Dataset:
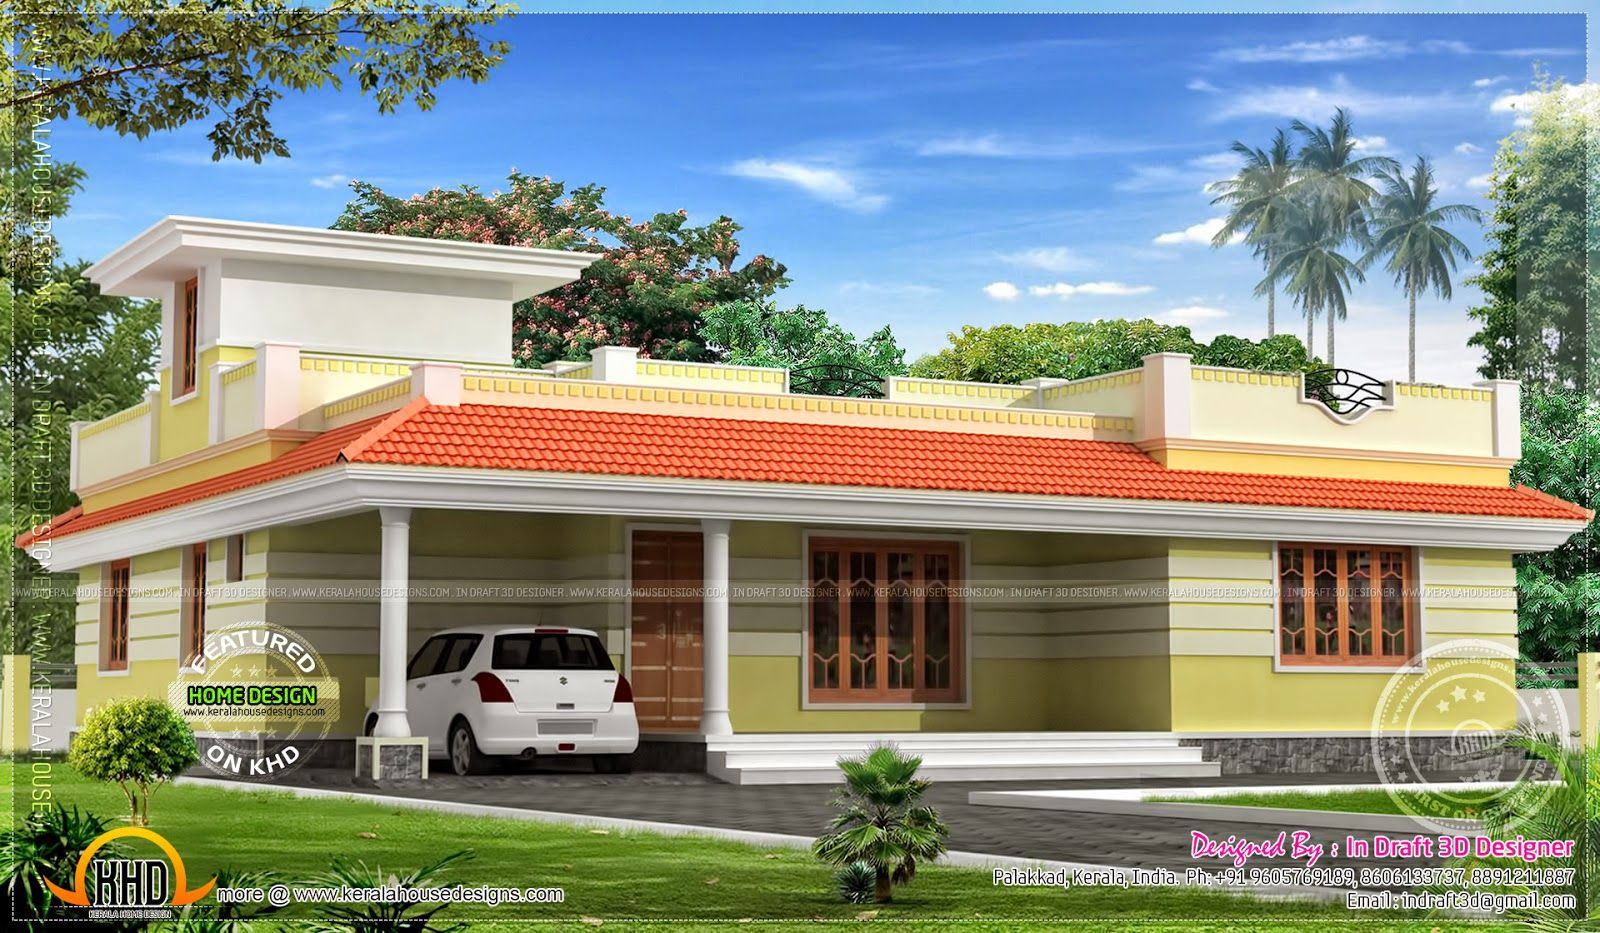 1858 Sq Feet Kerala Model Single Floor Home Simple House Design Single Floor House Design House Architecture Design
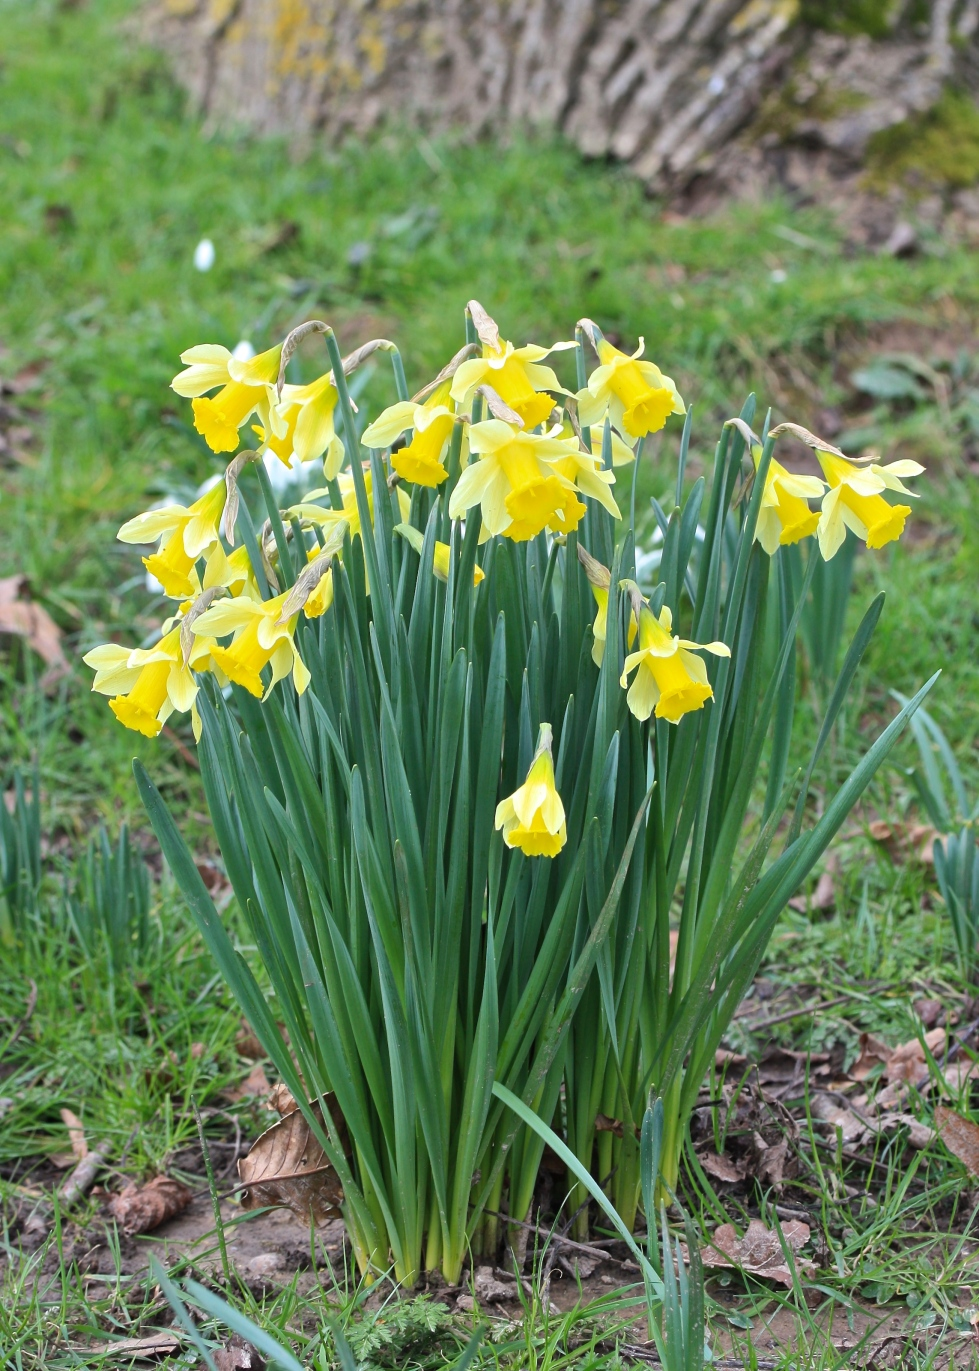 NarcNarcissi, Goodnestone Park, Kent, February 2016
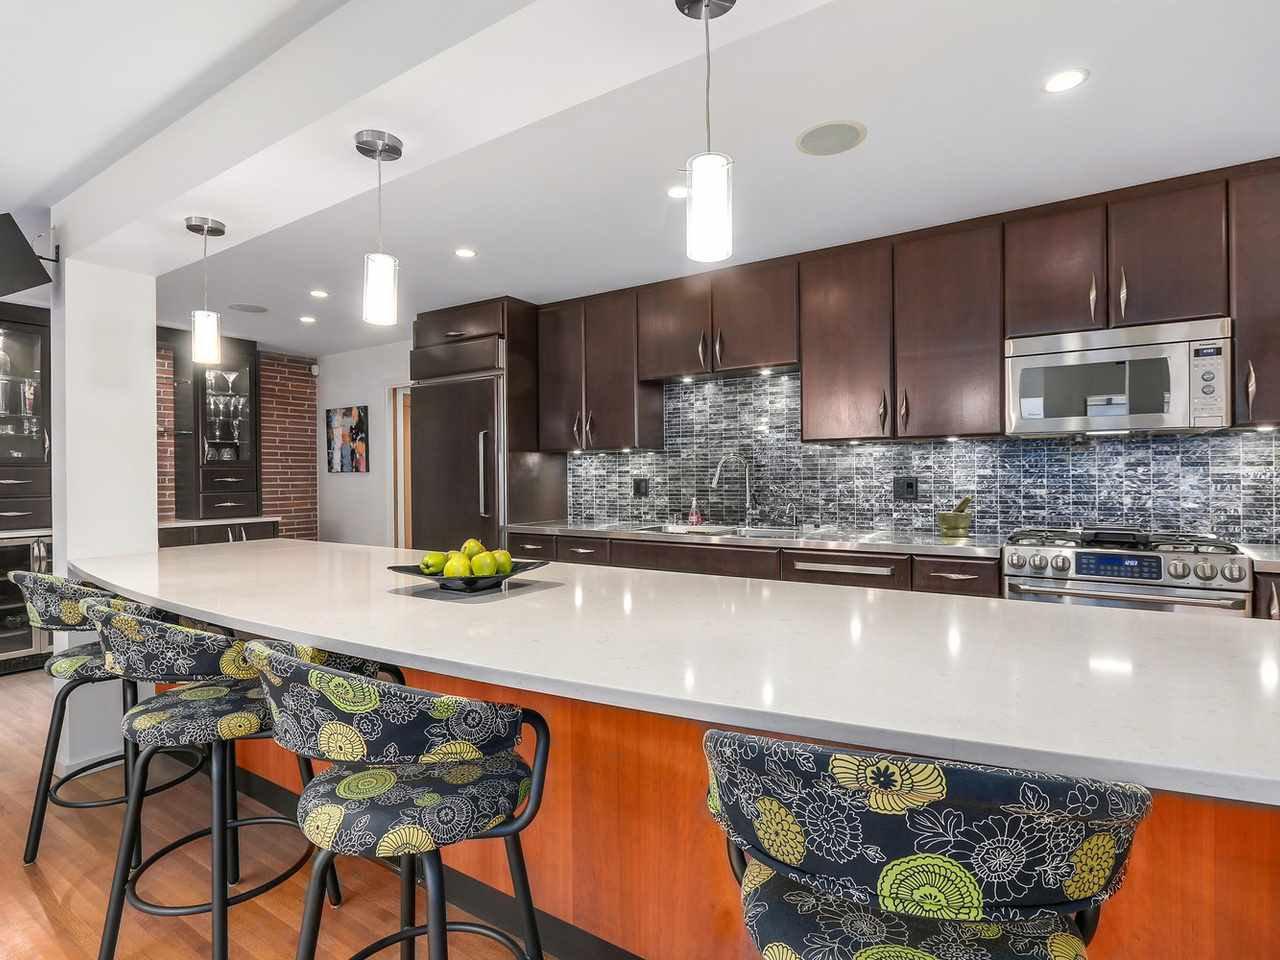 Photo 10: Photos: 3708 EDGEMONT Boulevard in North Vancouver: Edgemont House Fourplex for sale : MLS®# R2138514
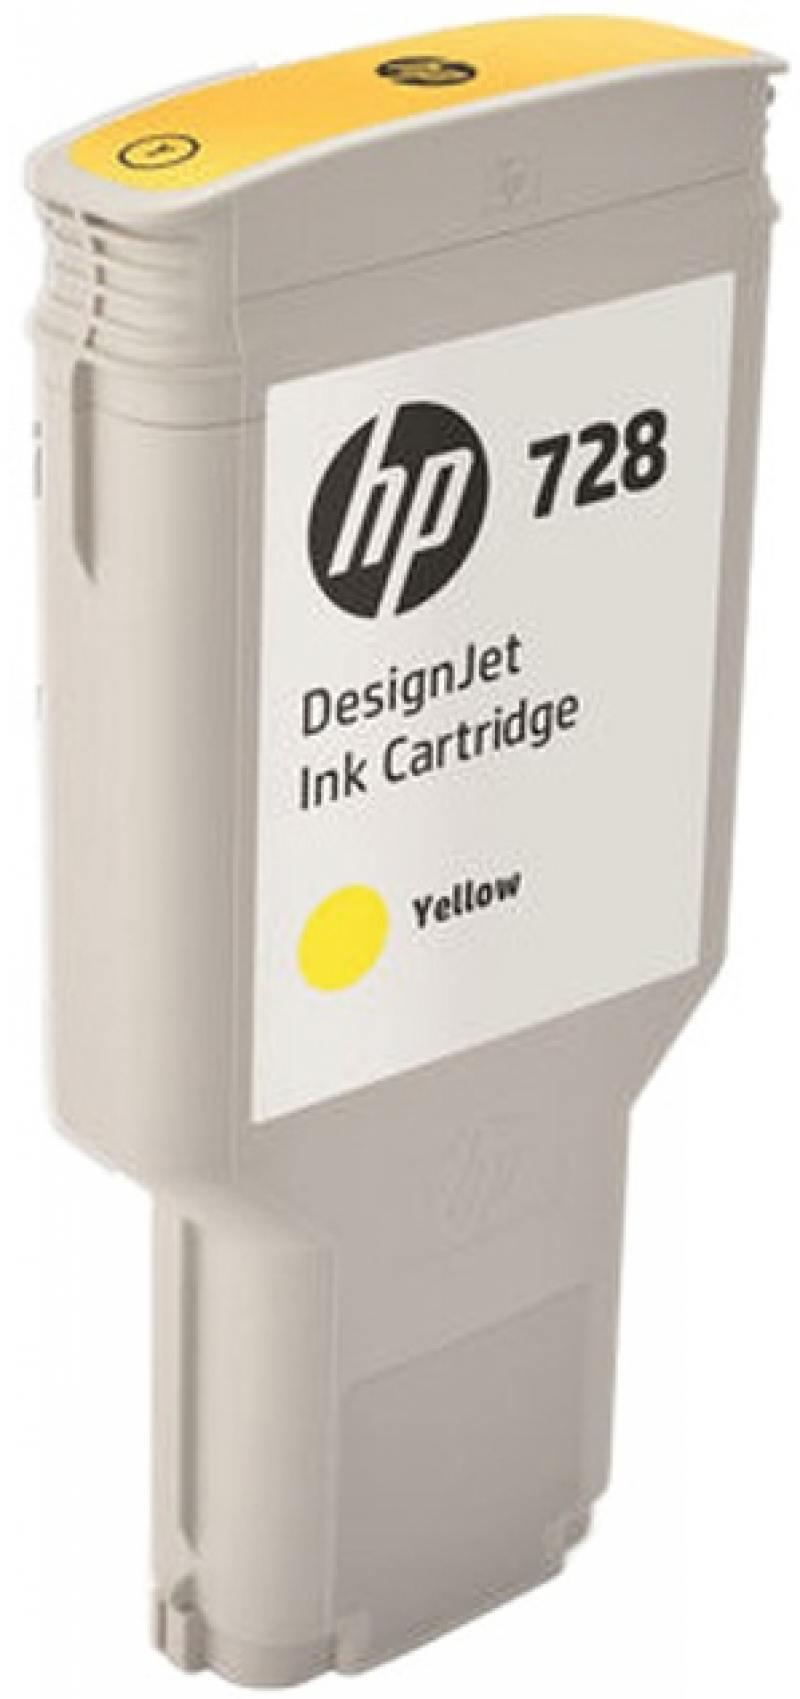 Картридж HP F9K15A (HP 728) для DesignJet T730, T830. Жёлтый. 300 мл. картридж hp 728 f9j61a yellow 40 мл
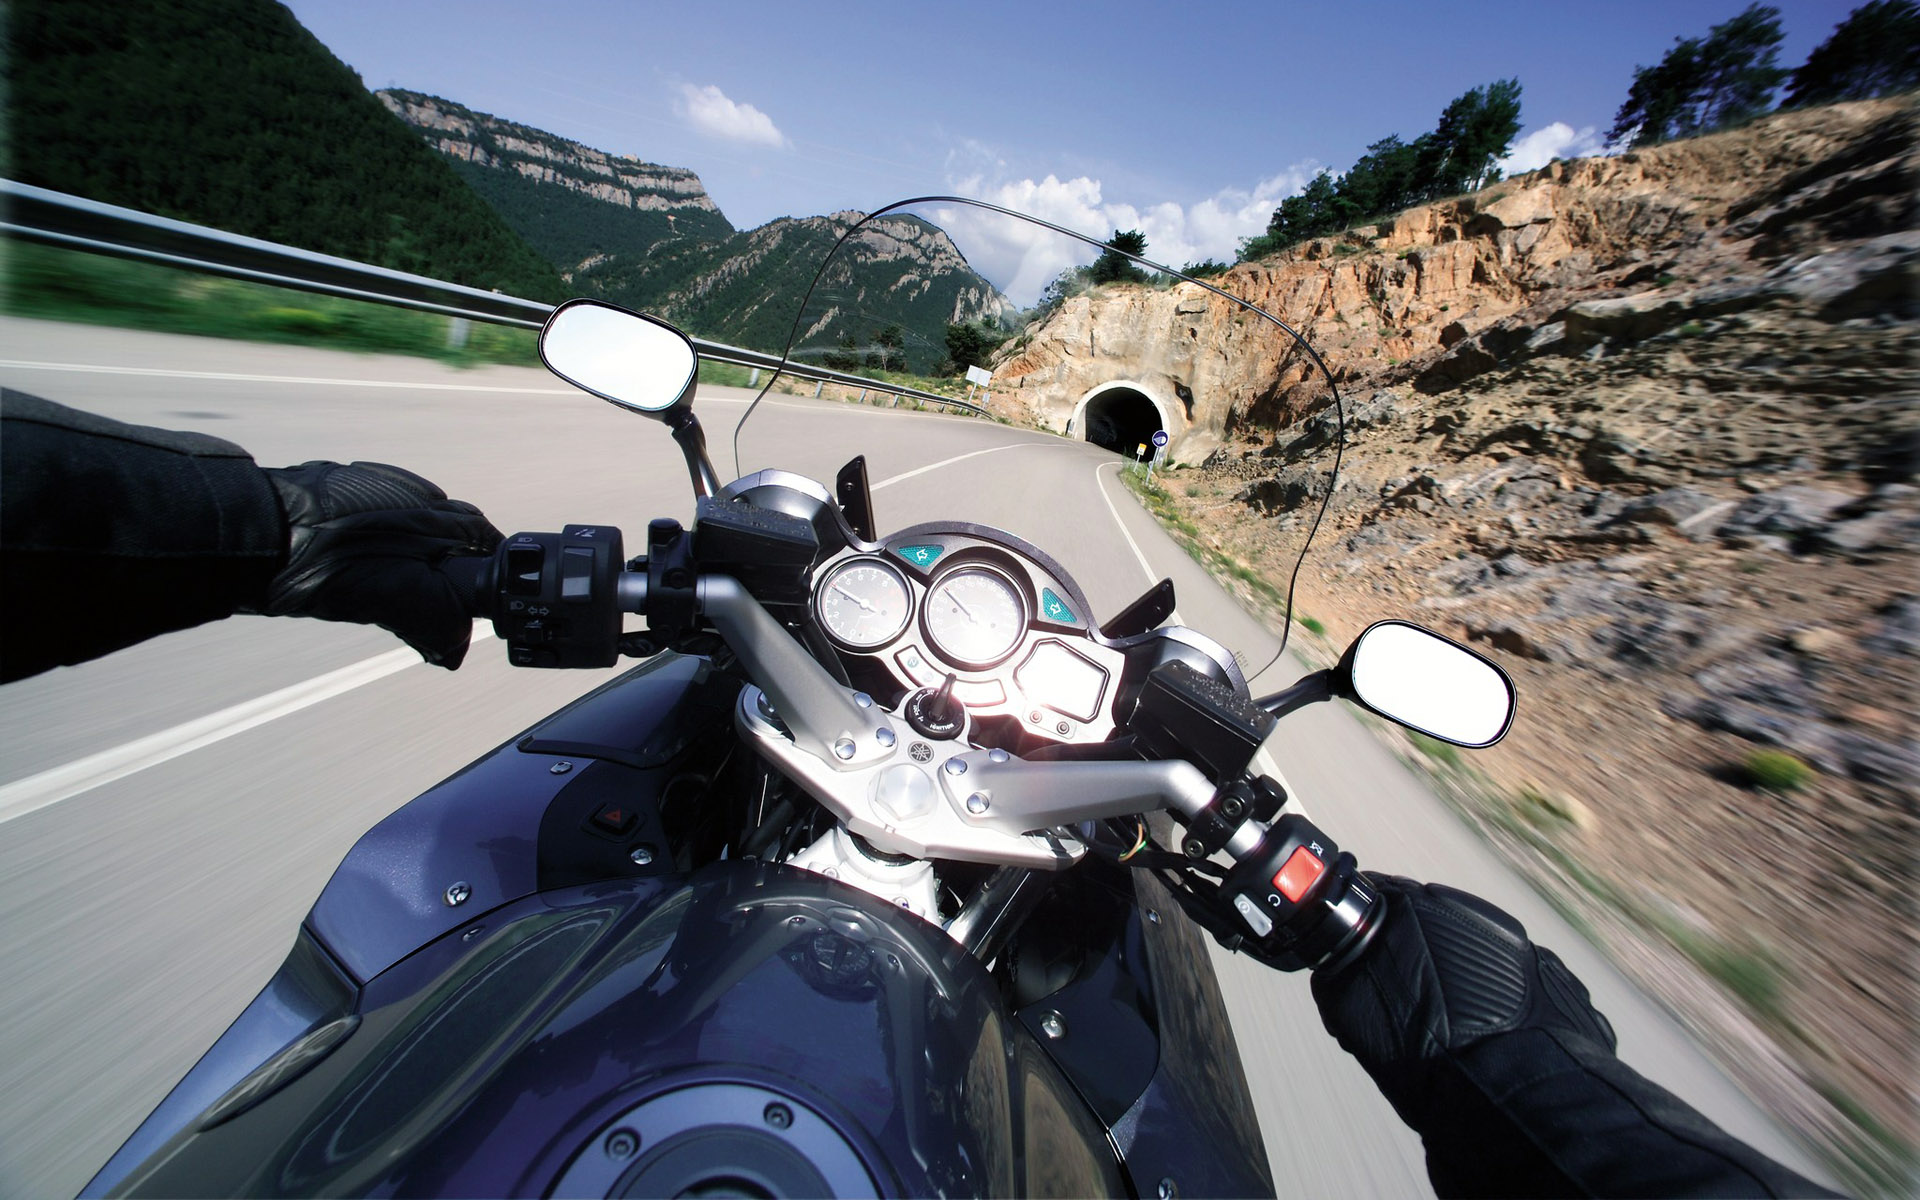 мотоцикл от первого лица дорога  № 16390 без смс
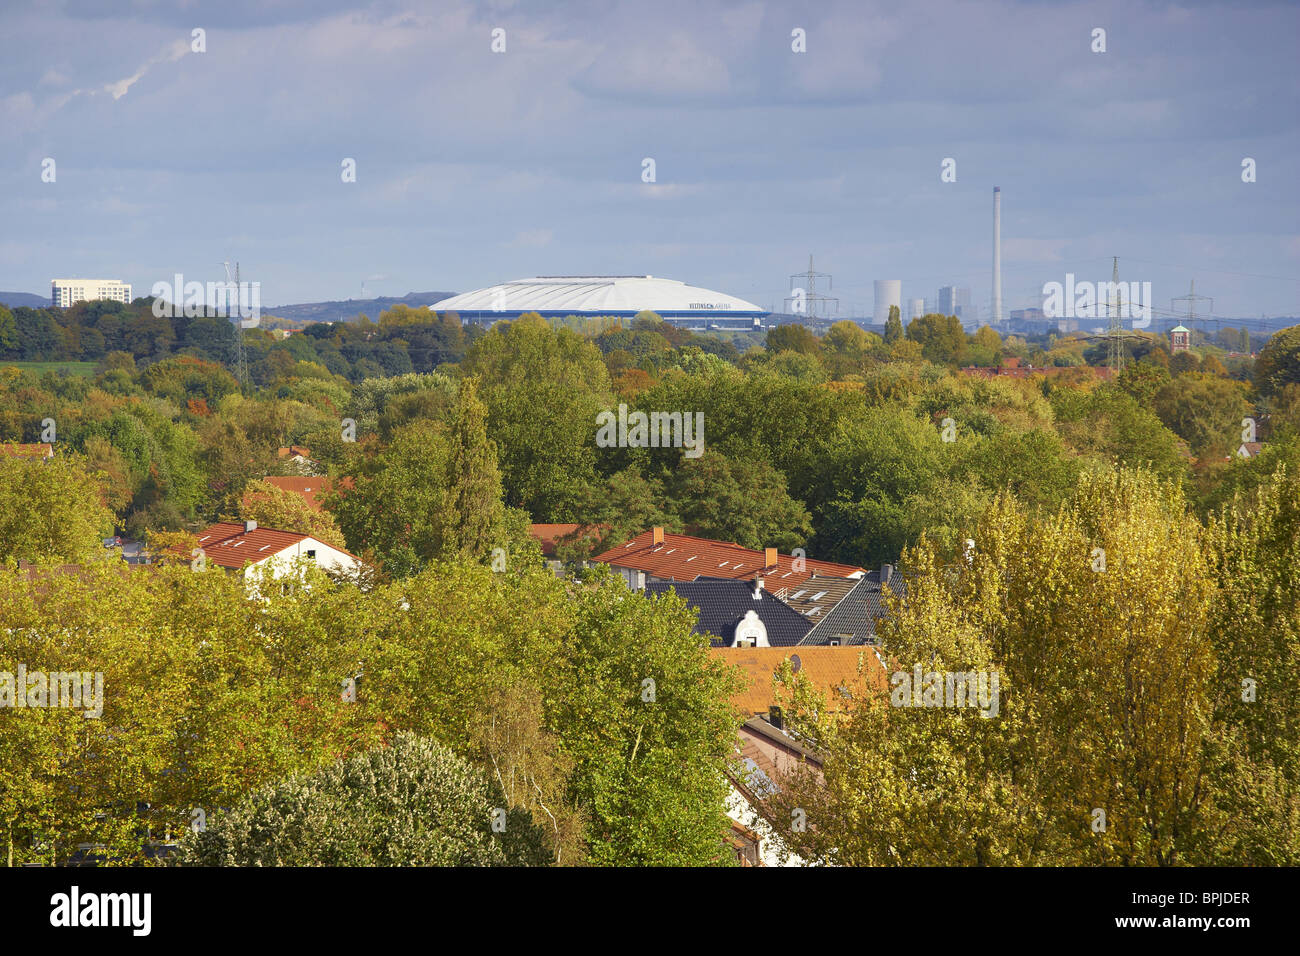 View at Veltins Arena at Gelsenkirchen, Ruhrgebiet, North Rhine-Westphalia, Germany, Europe - Stock Image

Your goal: The entries are to be reproduced exactly, excluding any pictures they contain.

Solved exercise:
 1858 Sq Feet Kerala Model Single Floor Home Simple House Design Single Floor House Design House Architecture Design
 NarcNarcissi, Goodnestone Park, Kent, February 2016
 Photo 10: Photos: 3708 EDGEMONT Boulevard in North Vancouver: Edgemont House Fourplex for sale : MLS®# R2138514
 Картридж HP F9K15A (HP 728) для DesignJet T730, T830. Жёлтый. 300 мл. картридж hp 728 f9j61a yellow 40 мл
 мотоцикл от первого лица дорога  № 16390 без смс
 View at Veltins Arena at Gelsenkirchen, Ruhrgebiet, North Rhine-Westphalia, Germany, Europe - Stock Image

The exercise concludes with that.